At the beginning of October 2018, Mavropanos suffered a groin injury and was ruled out until mid-December. On 15 January 2019, he returned to competitive action after nearly four months, playing 70 minutes of the U23s' 5–1 win over Manchester City. On 3 February 2019, he made his 2018–19 season debut as a substitute for Shkodran Mustafi in a 3–1 away loss against champions Manchester City. On 12 May 2019, on the last matchday of the season, Mavropanos was partnered with Shkodran Mustafi at centre-back, but was replaced by Laurent Koscielny after half an hour due to injury in a 3–1 away win against Burnley.

Loan to 1. FC Nürnberg
On 13 January 2020, after struggling for match time at Arsenal, Mavropanos moved to 2. Bundesliga club 1. FC Nürnberg on loan for the remainder of the 2019–20 season, and the Greek international picked up momentum in the heart of the Nuremberg defence with three stellar performances in a row. He won consecutive Man of the Match awards in his second and third game for the club, before making a key goalline clearance in his fourth. On 25 February 2020, Mavropanos picked up an injury playing against Darmstadt 98; the club was unsure of how long he would be absent.

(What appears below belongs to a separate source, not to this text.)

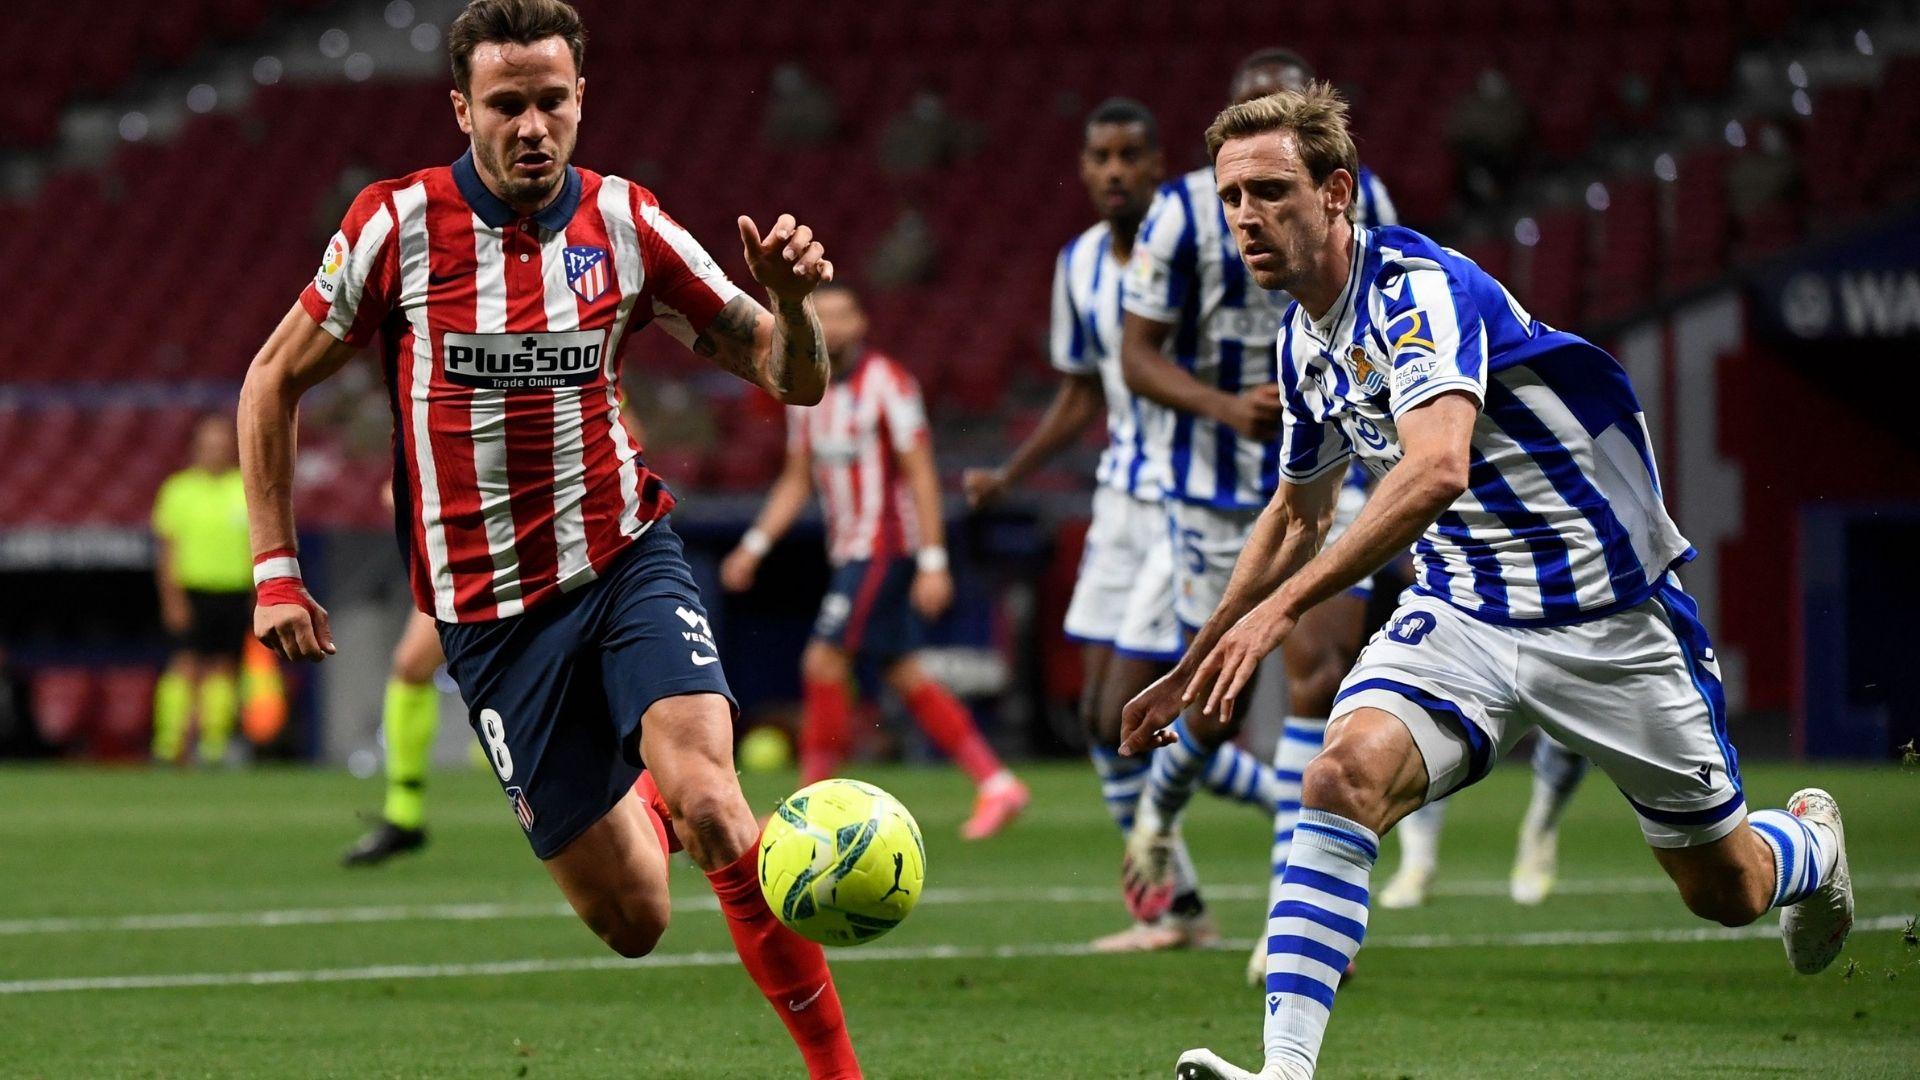 Atlético Madrid vs. Real Sociedad en directo: resultado, alineaciones, polémicas, reacciones y ruedas de prensa del partido de LaLiga - Goal.com

Loan and permanent move to VfB Stuttgart
On 16 July 2020, Mavropanos signed a new deal with Arsenal and joined VfB Stuttgart on a €250.000 loan for the 2020–21 season. At Stuttgart he was reunited with Sven Mislintat who had originally scouted and signed the player for Arsenal. On 3 October 2020, Mavropanos made his competitive debut for Stuttgart in the Bundesliga against Bayer Leverkusen; the game ended in a 1–1 draw. On 15 October 2020, Mavropanos suffered an injury during a friendly with SC Freiburg and underwent an operation on his meniscus.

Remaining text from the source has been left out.